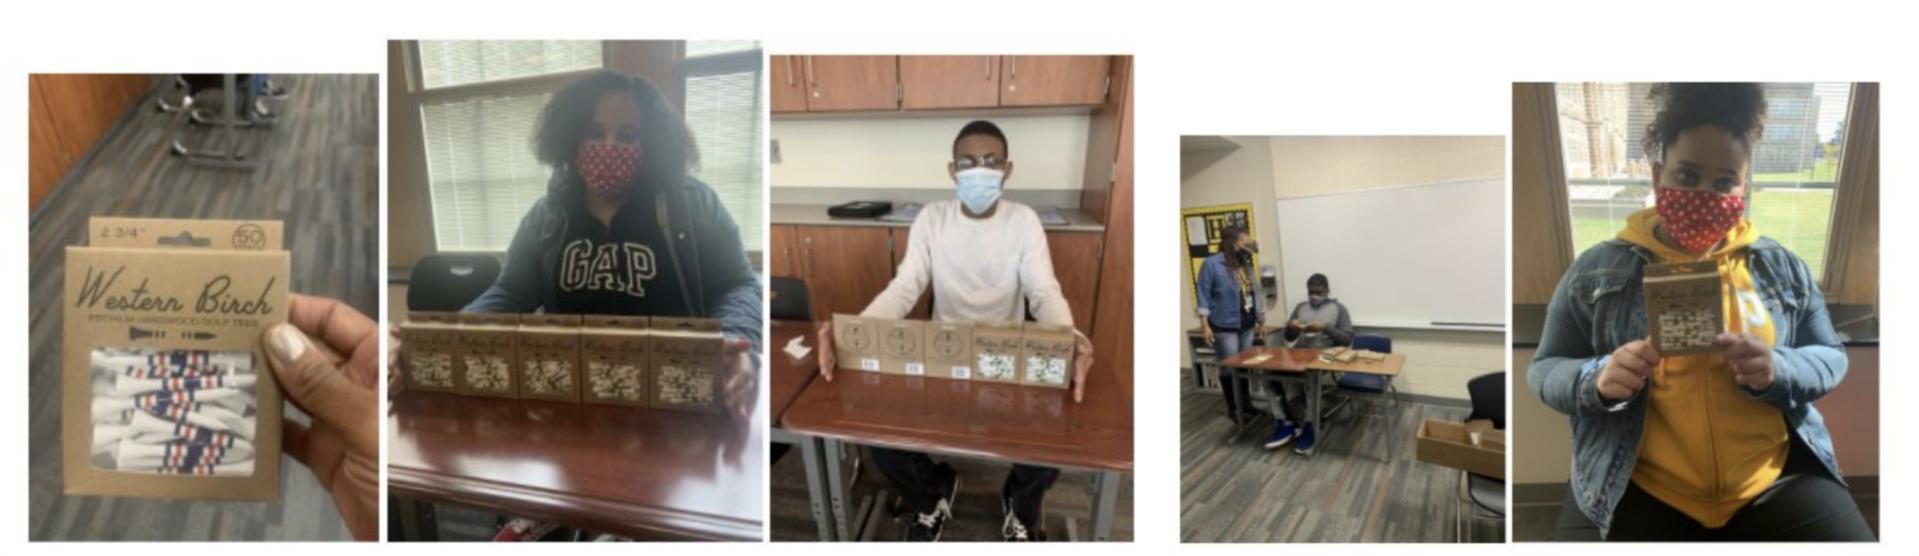 Student Work Experience Photos
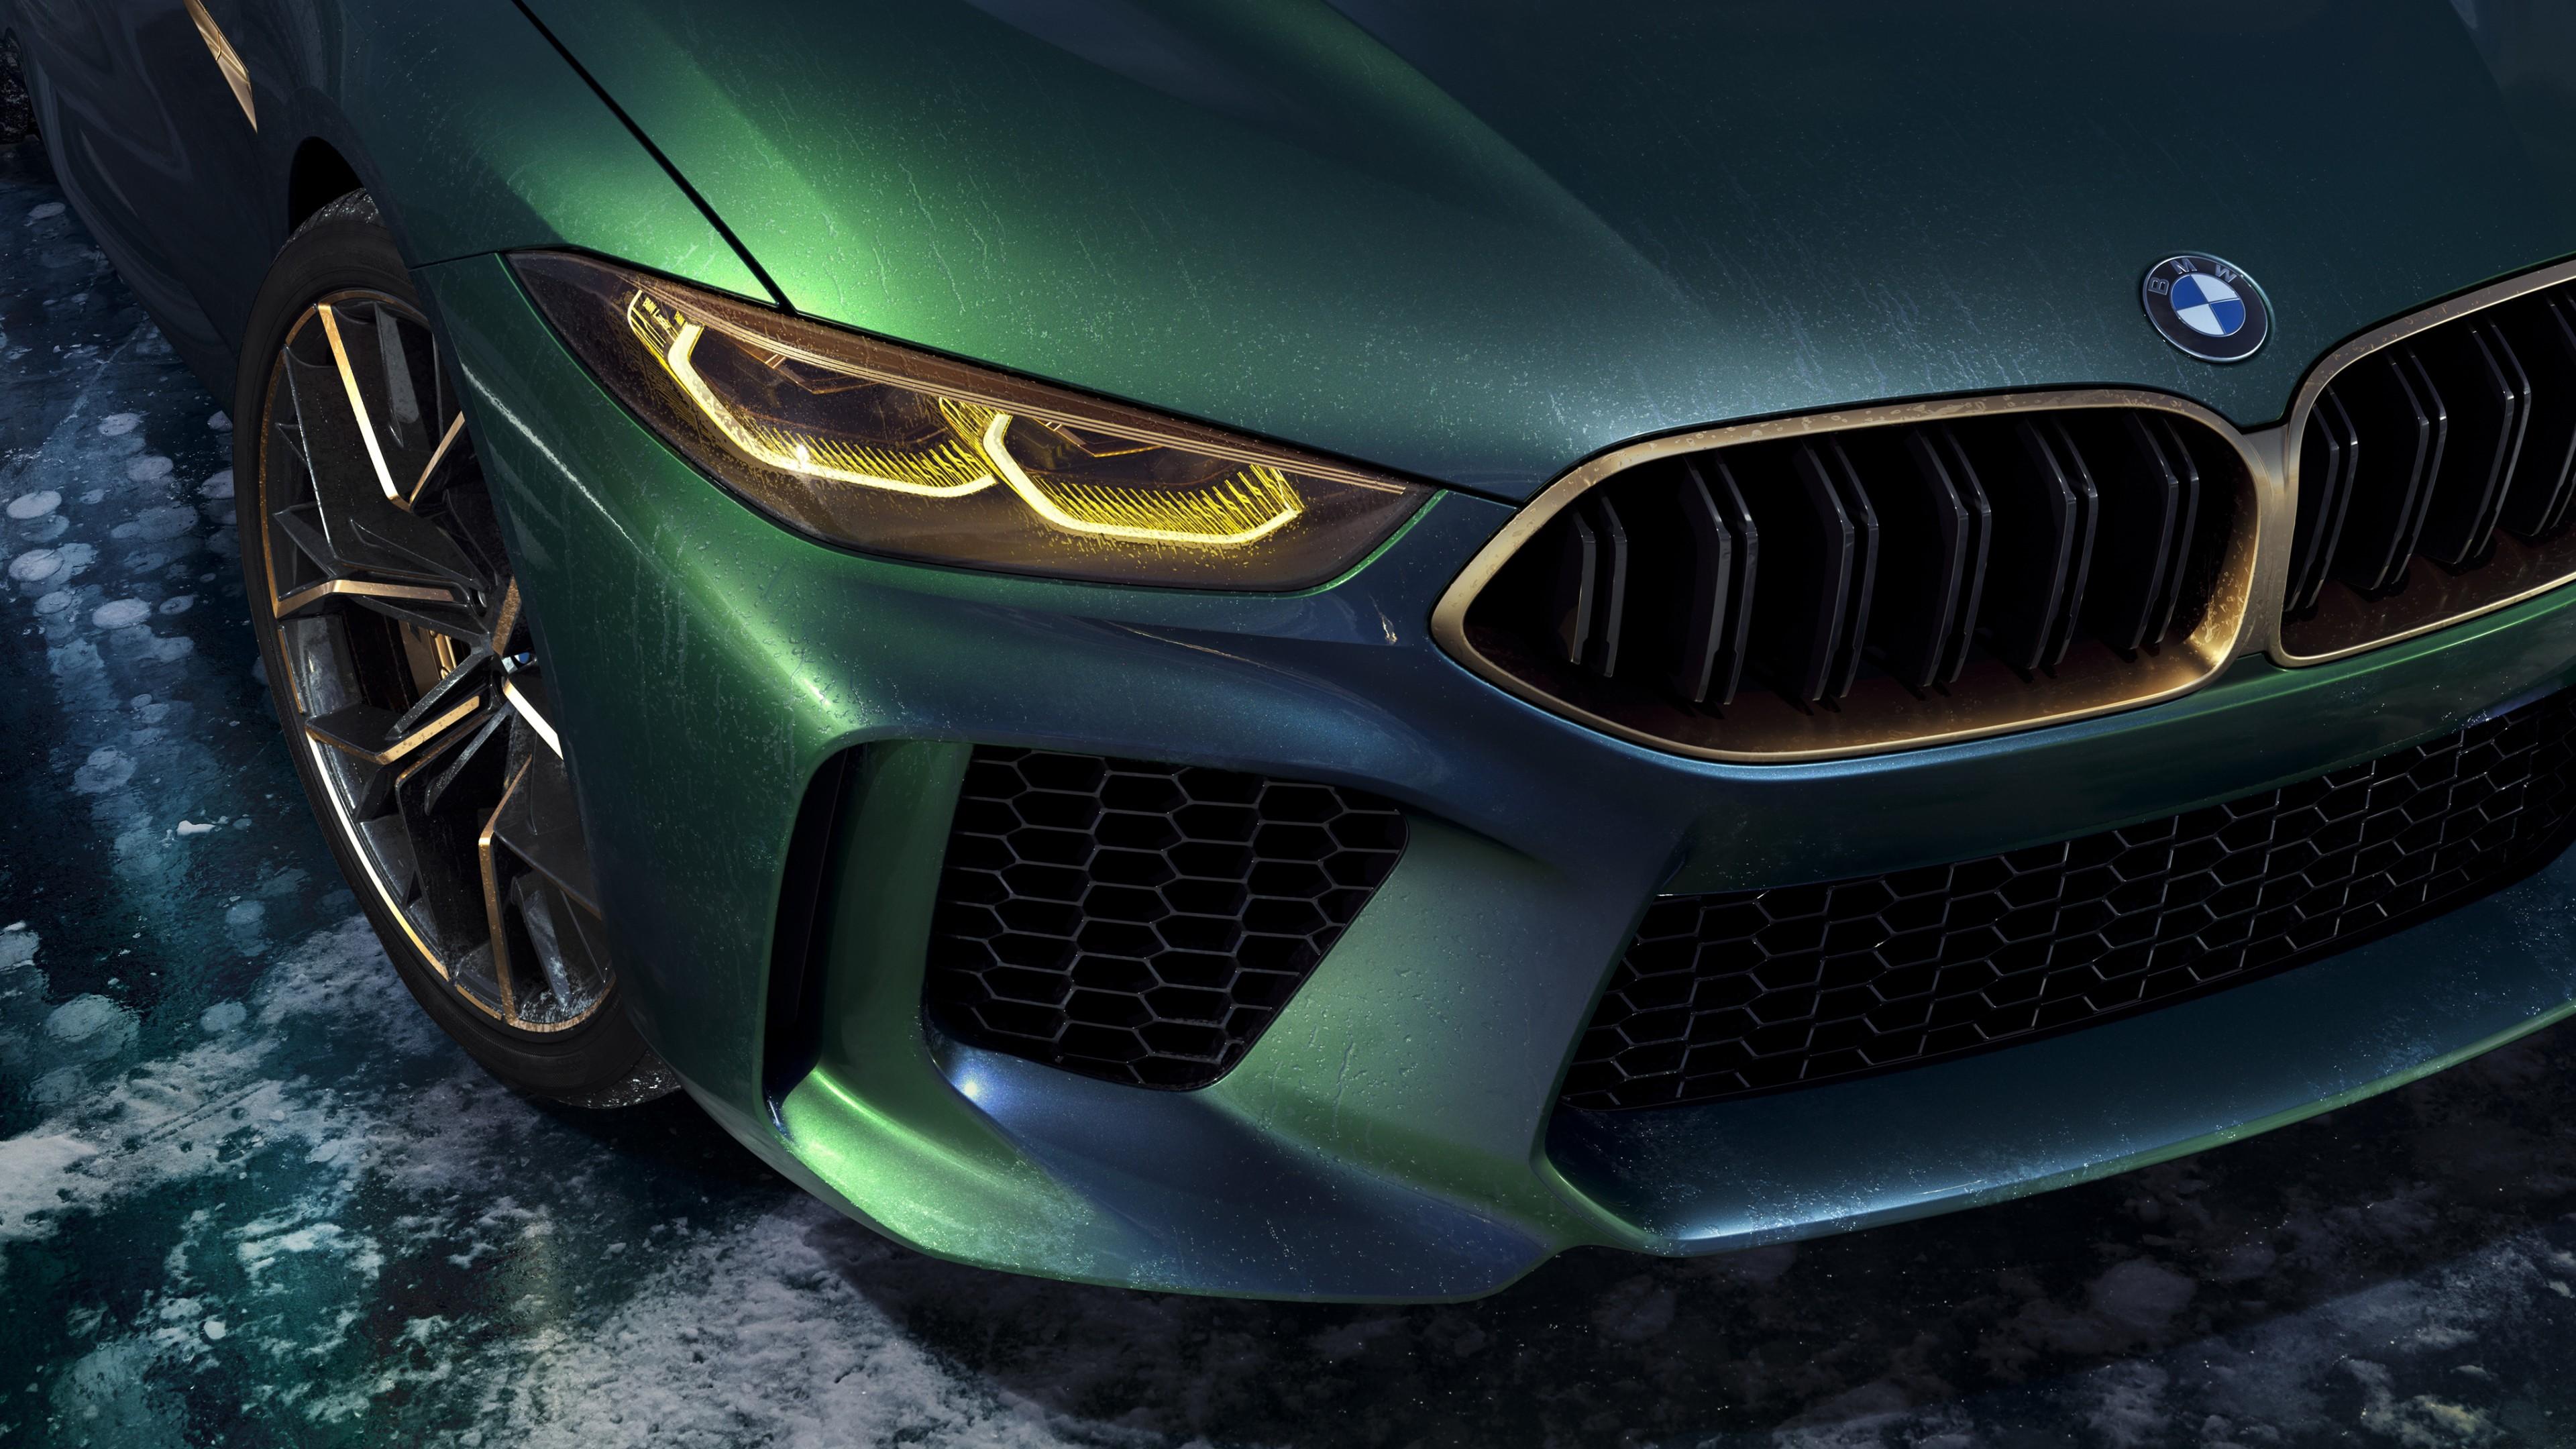 2018 BMW Concept M8 Gran Coupe 4K Wallpaper | HD Car ...
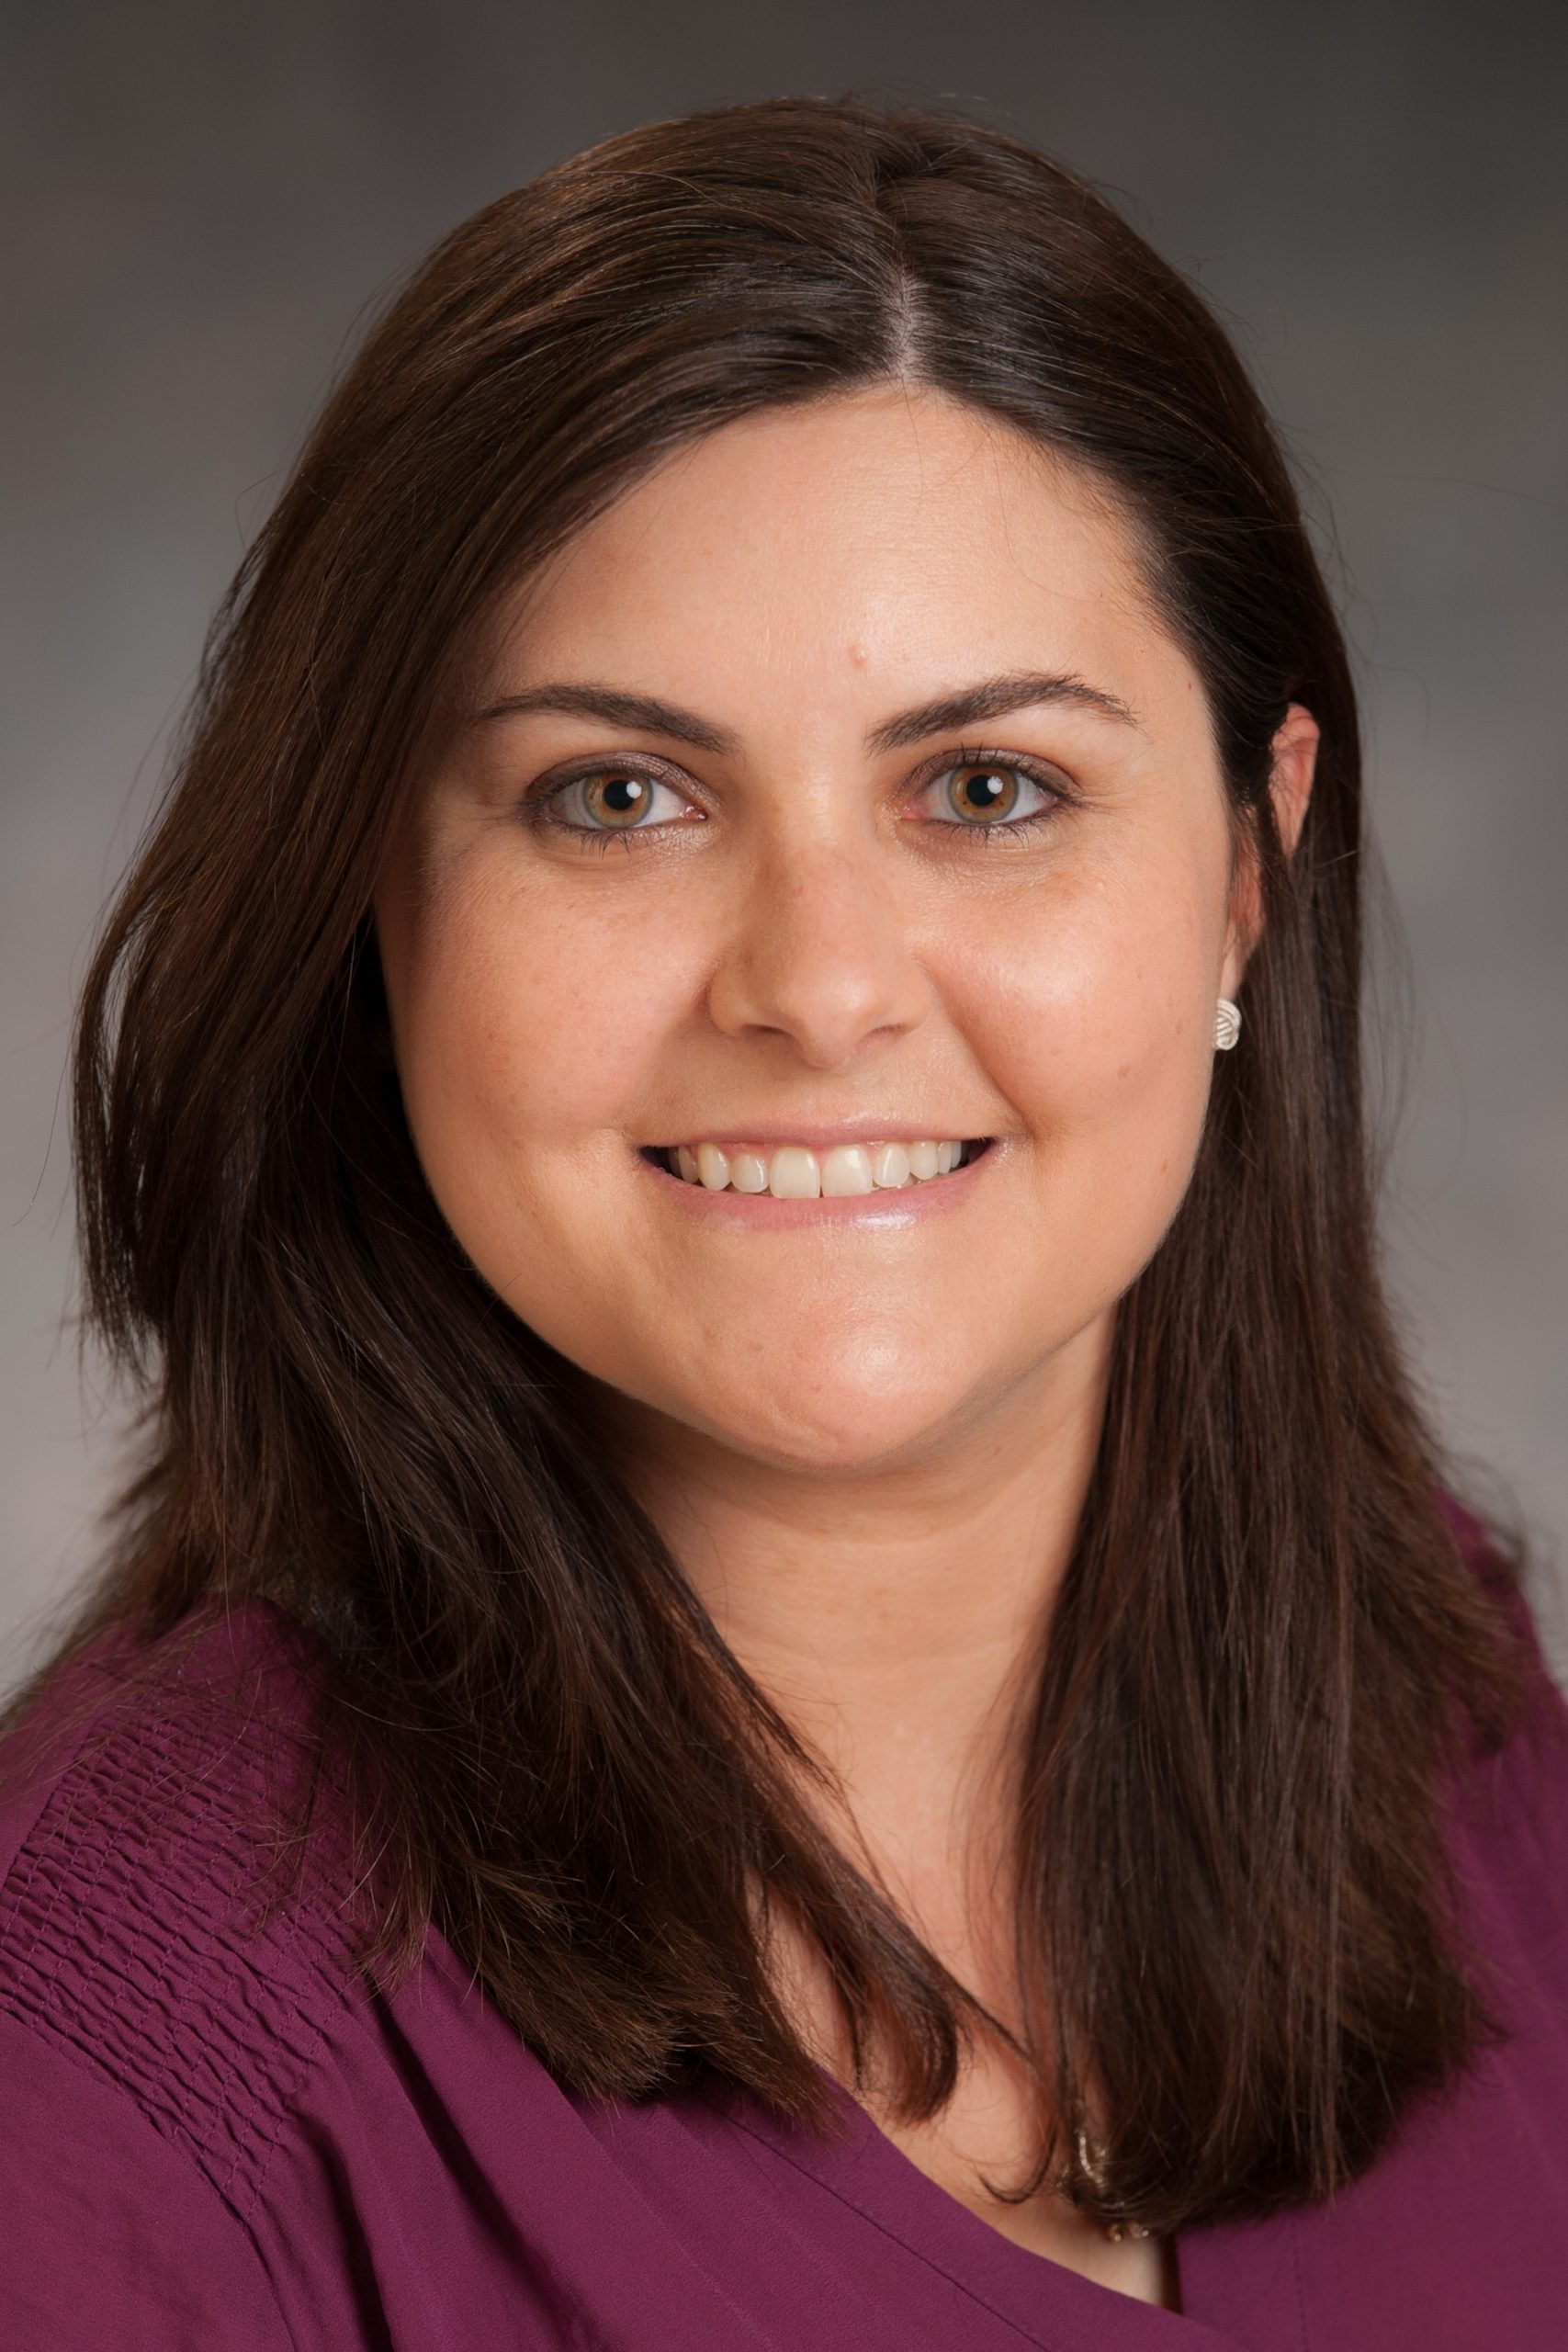 Heloisa Prado Soares, M.D., Ph.D.
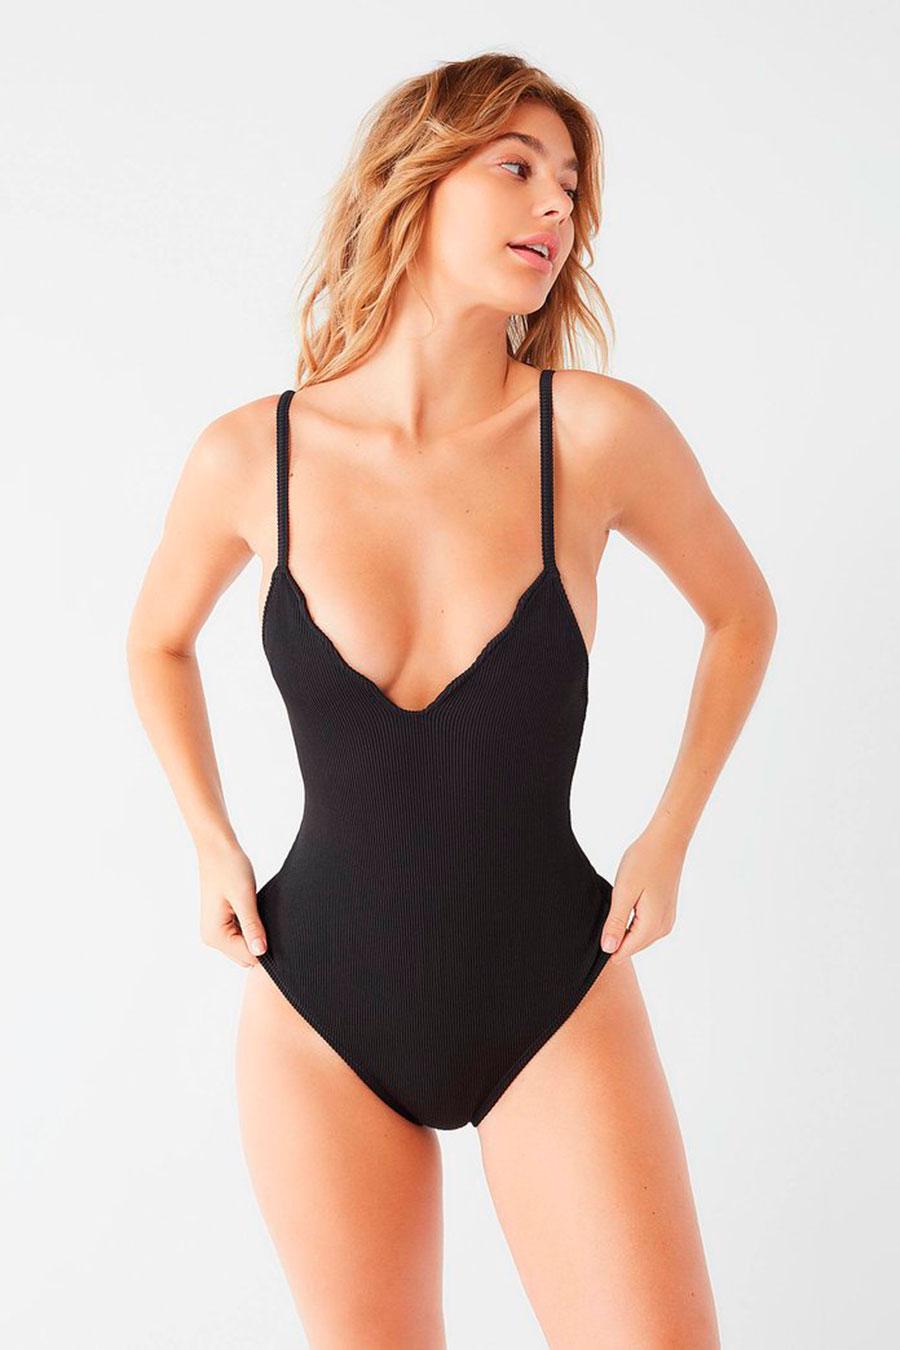 872ae051f78 bañadores-biquinis-poco-pecho-urban-outfitters. Bañadores mujer con cuello

☆ ☆ ☆ ☆ ☆

Restrict the output to the lines from the one with "2018 BMW Concept" through the last line of the material above. Print them exactly, leaving out every picture.

 2018 BMW Concept M8 Gran Coupe 4K Wallpaper | HD Car ...
 Heloisa Prado Soares, M.D., Ph.D.
 872ae051f78 bañadores-biquinis-poco-pecho-urban-outfitters. Bañadores mujer con cuello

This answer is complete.